Scaling R with Spark Apply

So first topics, scaling R. First of all, I want to mention kind of like what is the motivation for using R, directly R, while you're scaling your computations, right? So you're always using R code while working with Sparkly R through tools like Deployer or the MLlib wrappers that Sparkly R supports. But there's cases where you might want to use the actual R code running at scale on your cluster.

So the first one is the example that we have on the top. And really what it's talking about here is, you know, a lot of you are experts on R, and what Sparkly provides is a way of leveraging our current skills with R in Spark. So for instance, suppose that we have the iris table, and we want to change the table to contain some jitter. And if you're familiar with R, you might be also familiar with the jitter function. Now there's a way of doing this in Spark, I'm sure, but on top of R heads might not really remember what is exactly the function signature, et cetera, right? We're just familiar with R, and we want to use the tools that we know and love.

So in this case, what we can do is run over the iris Spark table that we previously copied into Spark. We can run Spark apply with a custom function. And what is important here to notice is that on the right side, the S apply from that is applying the jitter function over each column. This is R code, right? This is code that we're familiar with, and it's R code that is executing across the cluster. So very easy kind of like entry point to reuse the skills that we already know in R.

And the second use case is basically as a way to complement R. By this, what I mean is that Spark is a rich ecosystem where you can do a lot of things. But there's still a lot of packages on the R community that provide a lot of value, right? And for instance, one case is that at times you might want to run a linear model, a linear regression over Spark, and MLE or H2O might be just what you need. In some other cases, you might want to use the actual linear regression for a subset of the data that would match better the expectations that you have from the model that is created.

So for that particular case, you can also use Spark apply.
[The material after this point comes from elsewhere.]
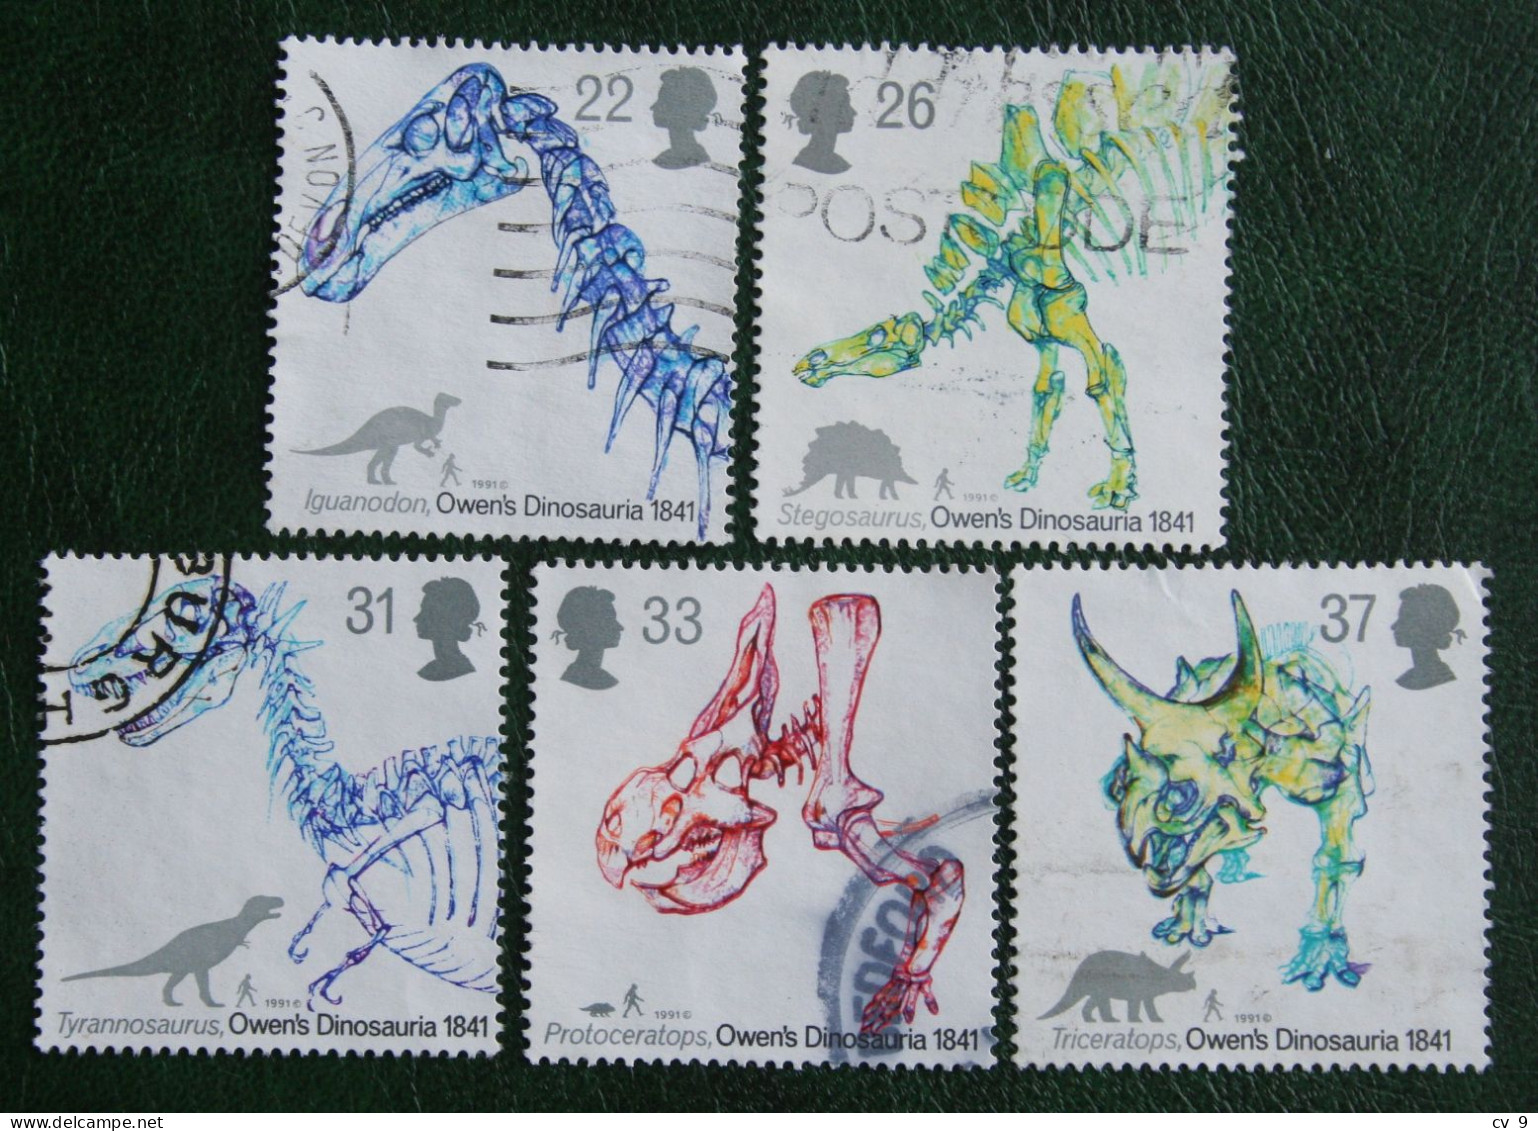 Owen's Dinosauria Dinosaurs Dinosaures Mi 1350-1354 1991 Used Gebruikt Oblitere ENGLAND GRANDE-BRETAGNE GB GREAT BRITAIN - Used Stamps
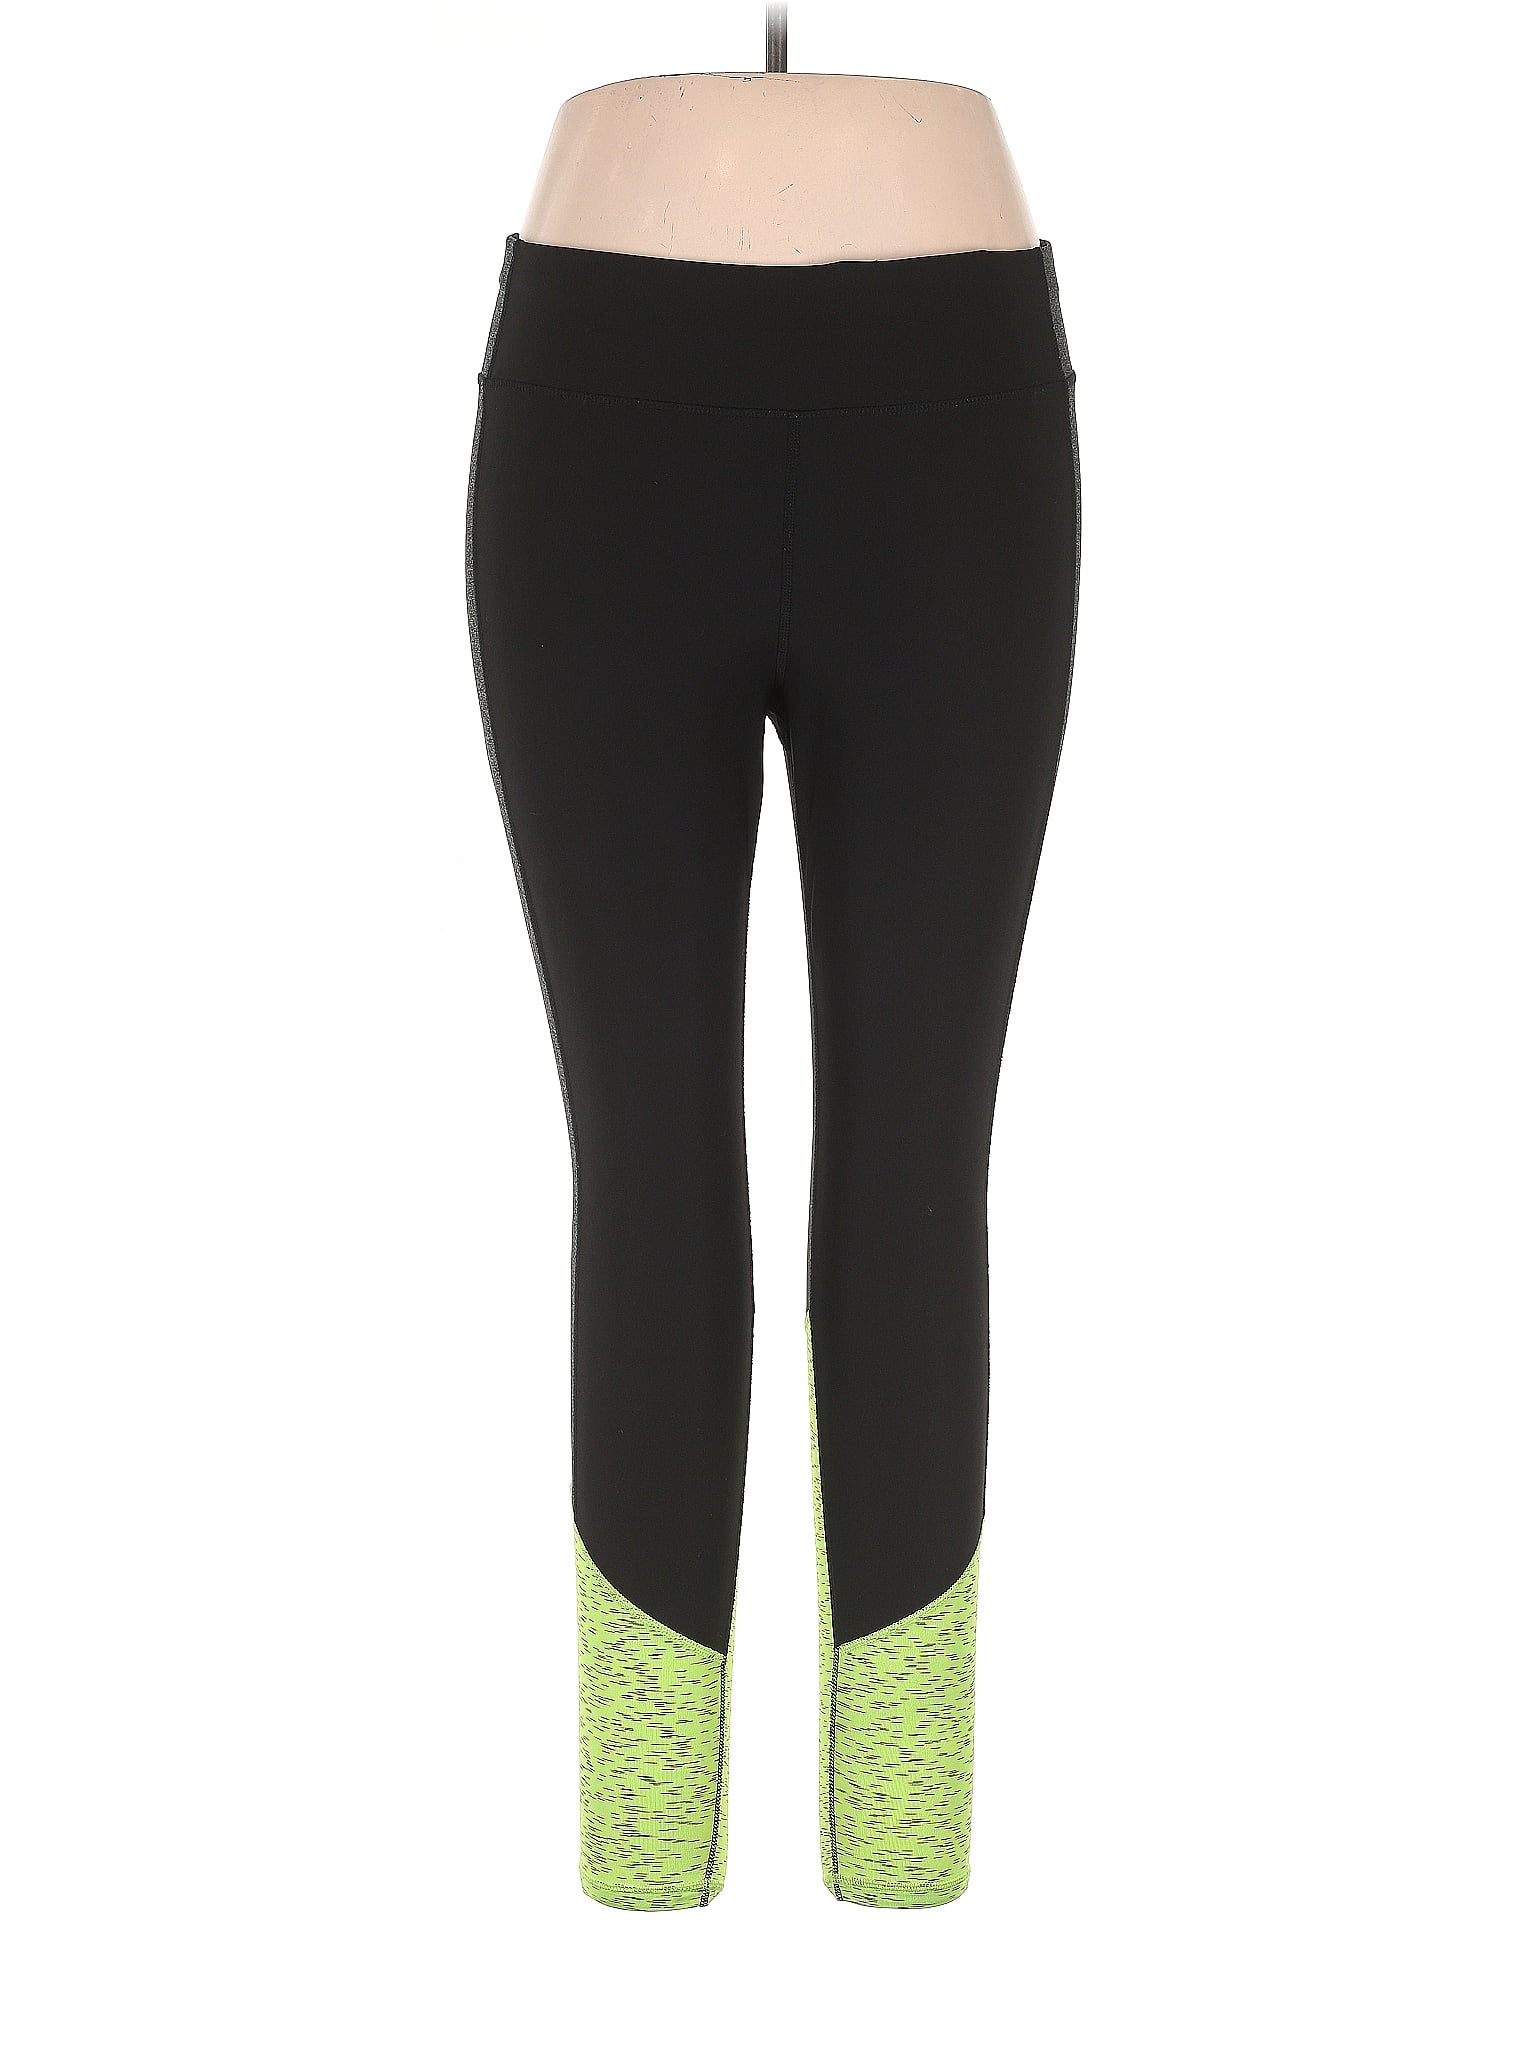 Xersion Black Green Leggings Size XL (Petite) - 47% off

In this case, we're using the broom package to tidy the linear model that we're creating. But the linear model that is being executed, it's exactly the same linear model that you would run in R. It just happens to be the case that is being executed over a dataset that it's large enough that it's worth splitting into smaller pieces. So we're running a group by query here over the species, which means that basically we're asking Spark to split the dataset into groups by species.

Something worth noting in this, in the concept of Spark apply, is that the function that you provide, it's gonna, the parameter that it gets, which is a data frame, and the result of this function that Spark apply expects should be also a data frame. I've definitely got, we definitely got a bunch of questions of like, hey, Spark apply is not working appropriately, and a lot of them were mostly related with not returning the correct data type, which should be a data frame from all the functions that you write on Spark apply.

How Spark Apply works

So those are our two main use cases, and what I wanna talk a little bit is give you an overview of how Spark apply actually works.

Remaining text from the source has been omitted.